In addition, it may be advantageous to provide different hardened areas with different resistances. This can preferably be achieved because at least one axially and / or radially subdivided active tool cooling element in at least two segments hardens the area to be hardened. On the one hand, by dividing the active tool cooling element into several segments, a complex conformation of the semi-finished product can be hardened with simple active tool cooling elements. On the other hand, an active tool cooling element subdivided into at least two segments allows different segments of the at least one active tool cooling element to cool the corresponding areas of the semi-finished product to different temperatures according to another configuration of the process. This can also generate a degree of hardness different from the areas corresponding to the segments of the semi-finished product. This allows additional flexibility in terms of a design according to the load of the semi-finished product.

In order to allow a specially controlled cooling behavior of the areas of the semi-finished product to be hardened, heated to above the Ac- temperature according to another configuration of the procedure, the areas that are to harden the semi-finished product are cooled by conductive contact. of the heat of the tool with zones that limit with the zones that are going to harden of the semi-finished product with a defined cooling rate, so that a hardened microstructure is generated in the zones that are going to harden of the semi-finished product. In other words, adjacent to the areas to be hardened, a conductive contact of heat occurs between the tool and the adjacent areas of the semi-finished product, so that the areas that are going to be cooled very quickly through thermal flow Harden. The invention takes advantage of the fact that the steel parts generally have a very high thermal conductivity and with this also by means of the heat-conducting contact of adjacent areas of the areas to be hardened from the semi-finished product, a strong cooling of the zones can take place. They will harden. For this purpose, for example, cooled active surfaces of the tool can be used.

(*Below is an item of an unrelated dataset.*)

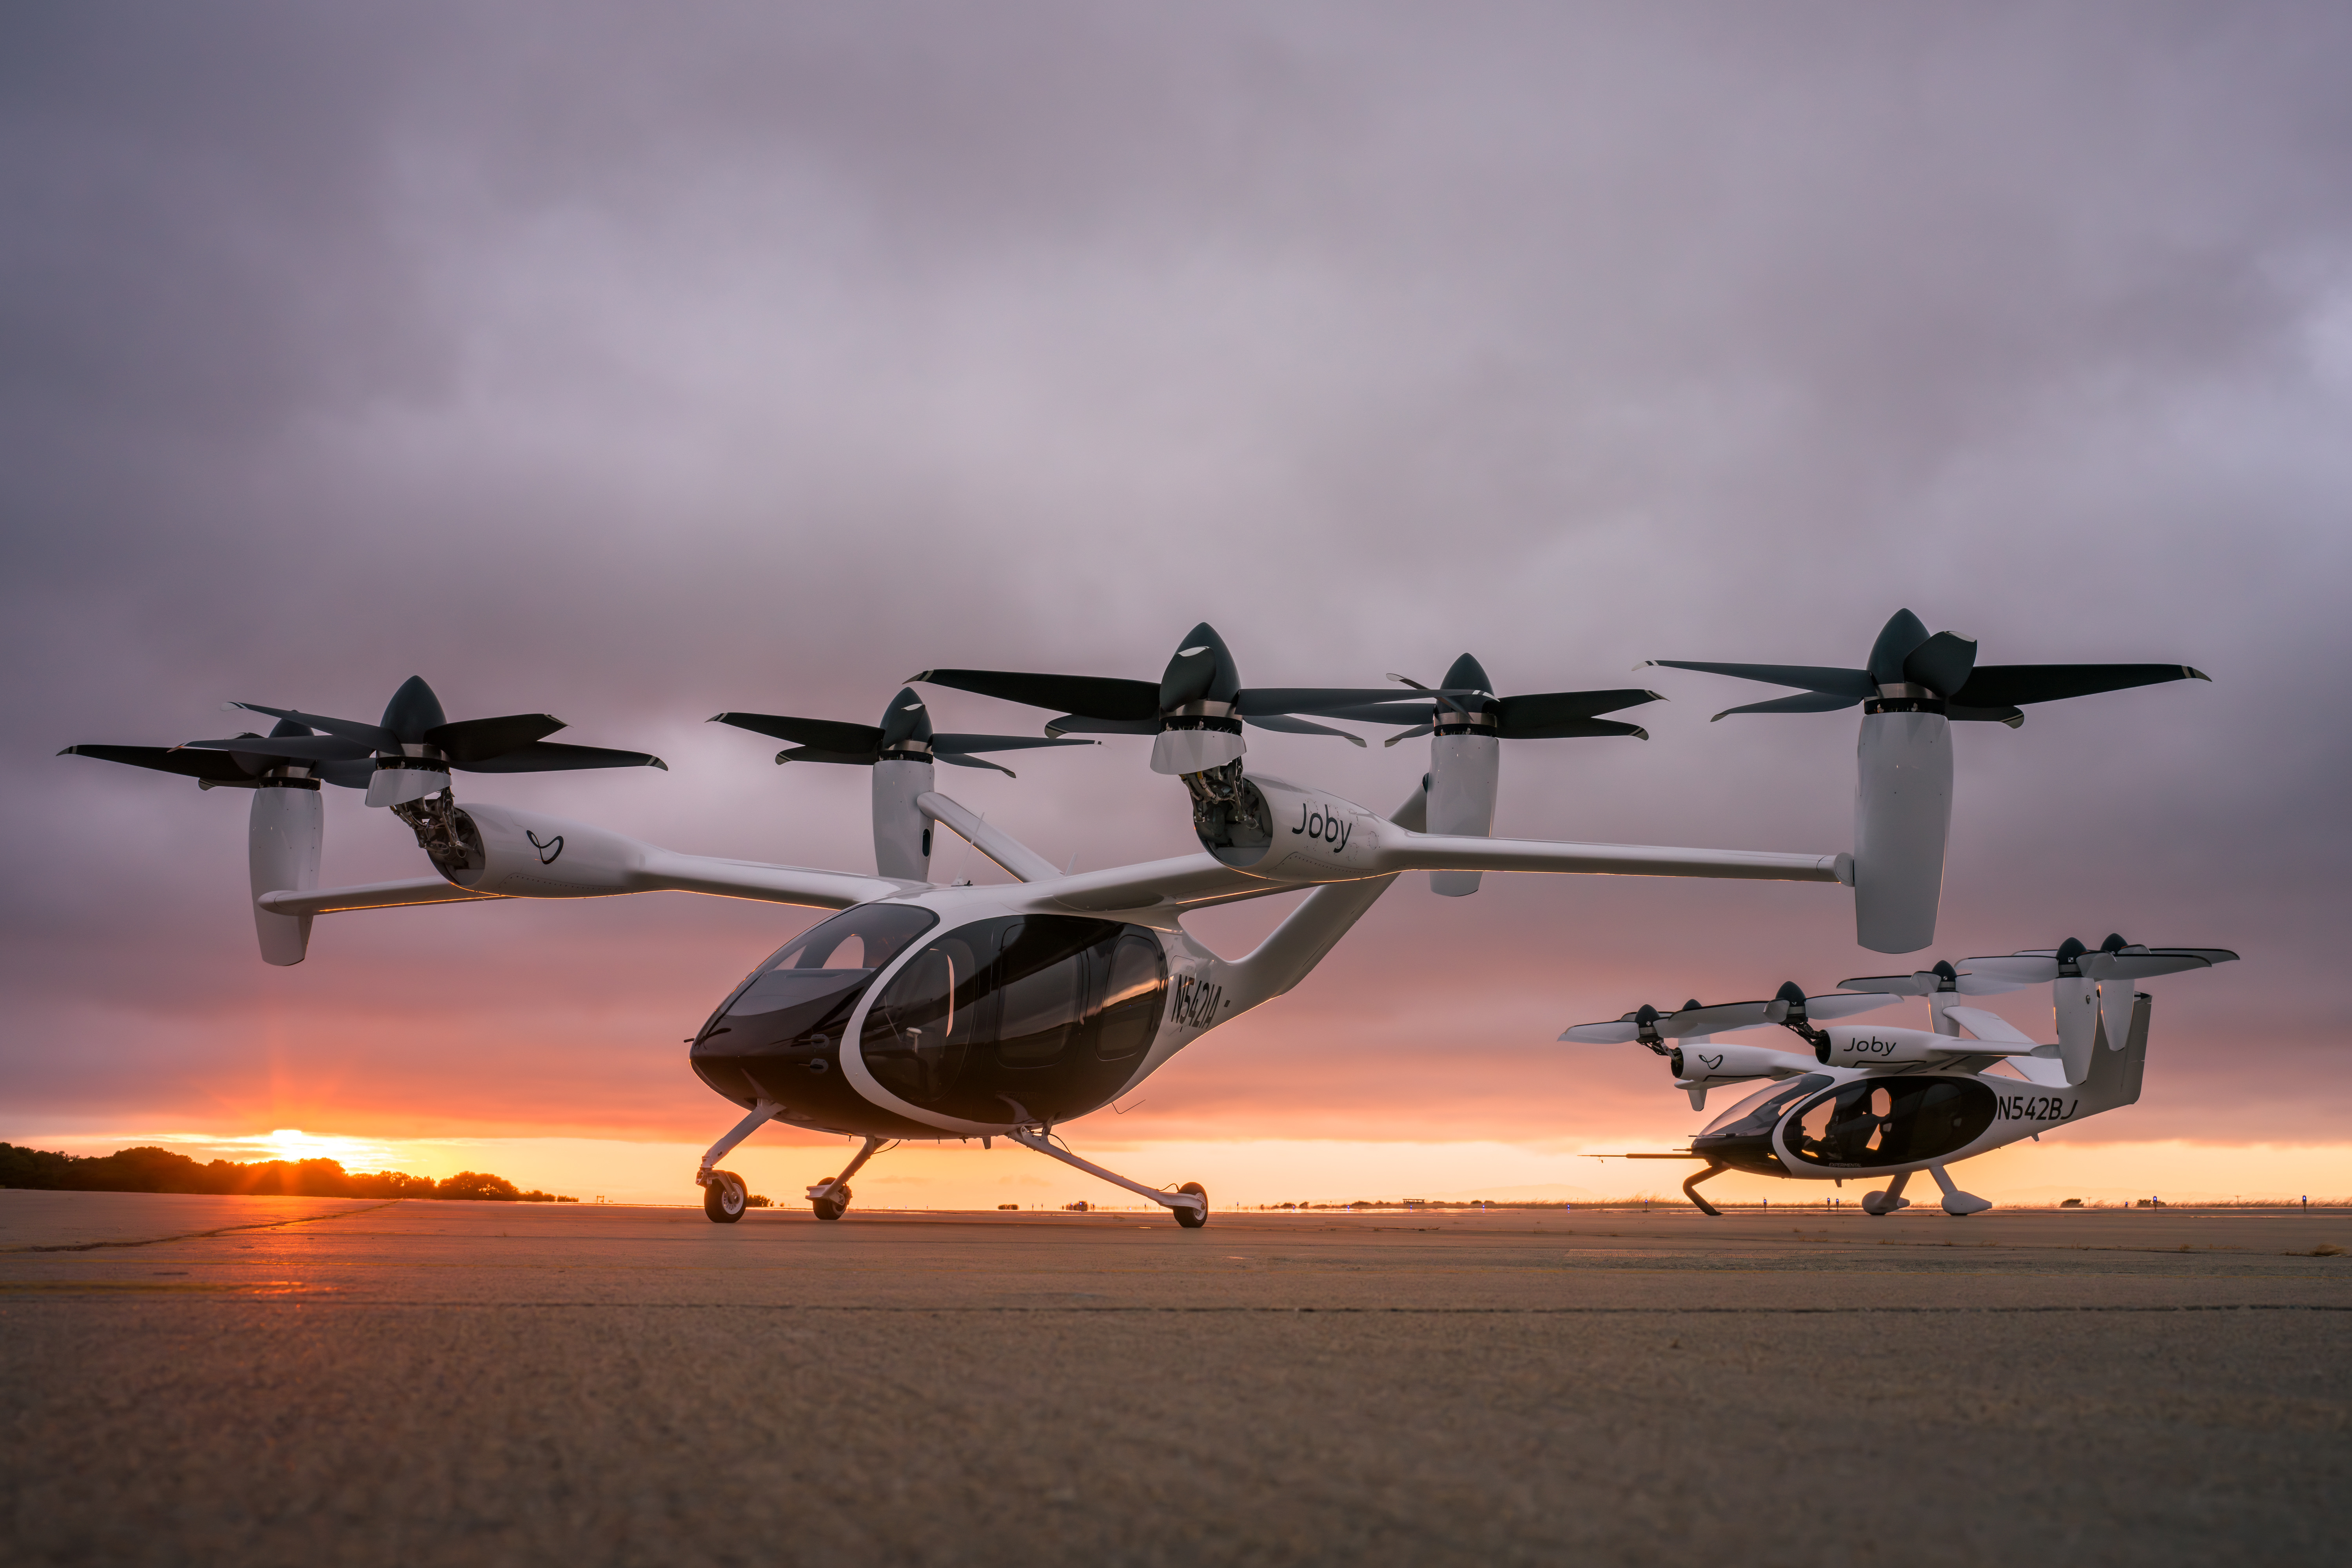 two joby aviation evtols set in front of a sunset

In order to favor the cooling process, the tool can be cumulatively or alternatively traversed in accordance with another configuration of the process at least partly with a cooling medium, which is at least partly in direct contact with the semi-finished product or in conductive contact of heat with the semi-finished product, to cool the semi-finished product. Preferably, a semi-finished product is produced with at least one hardened edge area for a structure or body of a car. This semi-finished product can be used, for example, in a particularly suitable way as an axially loaded profile in a car or body structure. It has an especially high energy absorption capacity coupled with a short deformation path.

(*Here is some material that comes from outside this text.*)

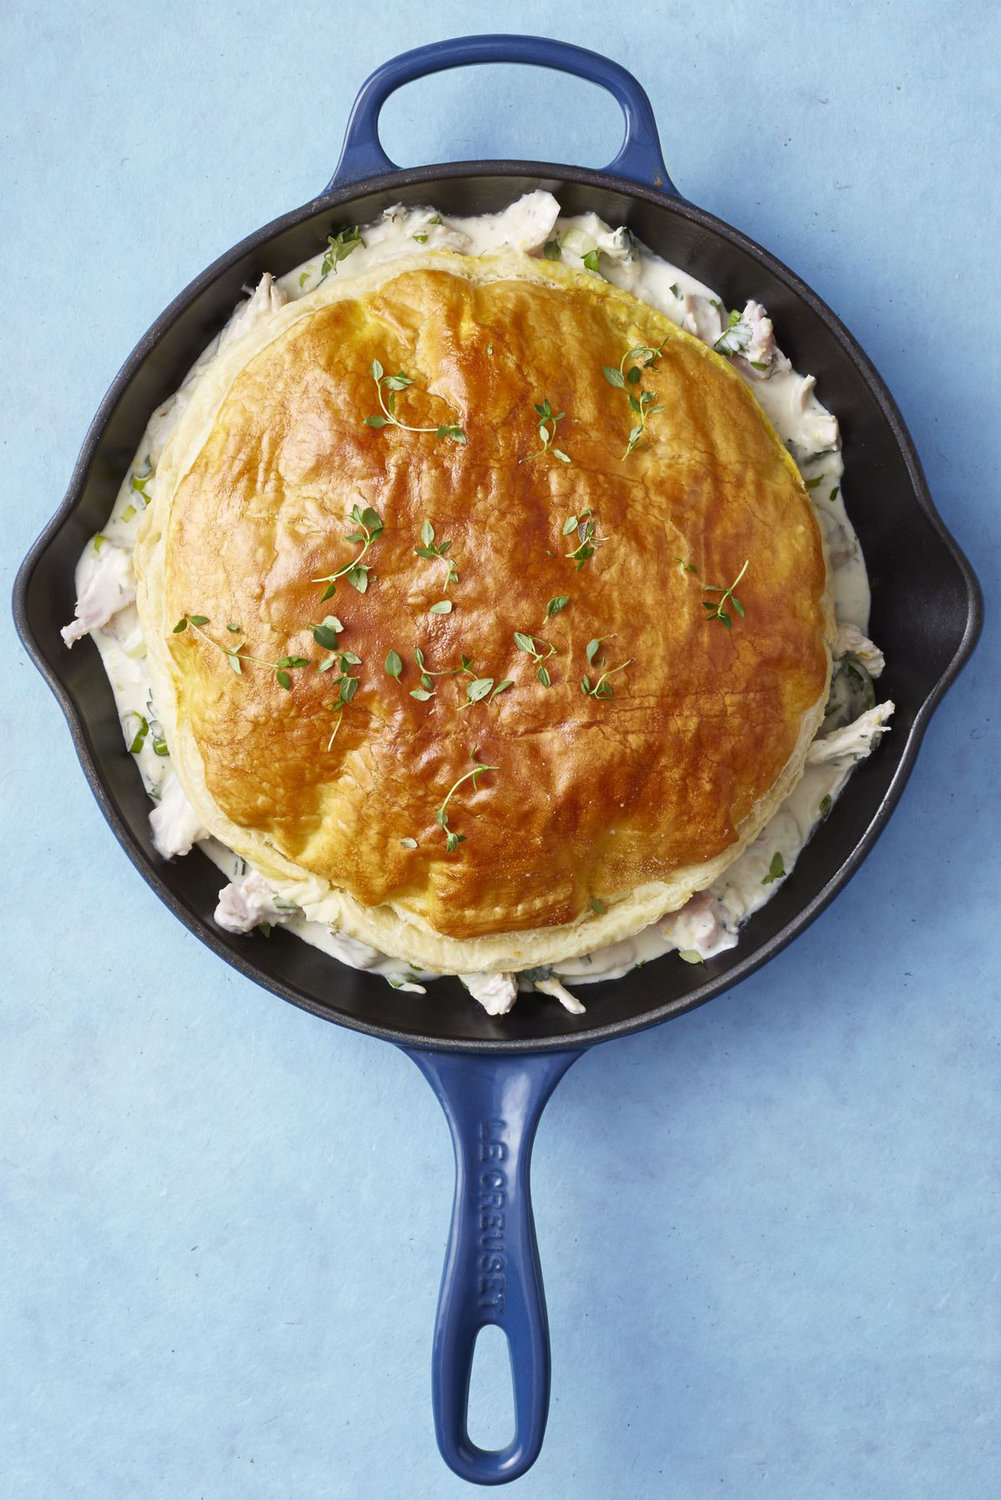 Skillet pot pie is one way to use up leftover Thanksgiving turkey

Preferably, a semi-finished product of a manganese boron steel, a double phase steel or a retained austenite steel (TRIP) is partially hardened, especially suitable strength increases being possible in the steel products mentioned.

According to a second teaching of the present invention, the indicated objective is also achieved by means of a device for hardening a semi-finished product that has the shape of a cross section of an open or closed profile because at least one active tool cooling element is provided. , which is disposed in a mobile manner with respect to the semi-finished product placed and which has refrigerant, through which the at least one zone to be hardened of the semi-finished product can be cooled with a defined or sufficient cooling rate, so that it is generated a hardened microstructure in the chilled areas in a defined way. The active tool cooling elements provided in the tool for the hardening of the at least one area to be hardened of the semi-finished product allow, after placing the semi-finished product, a very precise repetition accuracy with respect to the areas that are going to Harden.

According to the invention, the at least one active tool cooling element has guiding means for a cooling medium, which are formed, for example, as refrigerant channels, through which a fluid cooling medium can flow, such as for example water or a refrigerant gas. By means of these cooling means, the cooling rate of the areas of the tool that are in contact with the active tool cooling elements can be actively controlled, for example by the respective temperature of the cooling means.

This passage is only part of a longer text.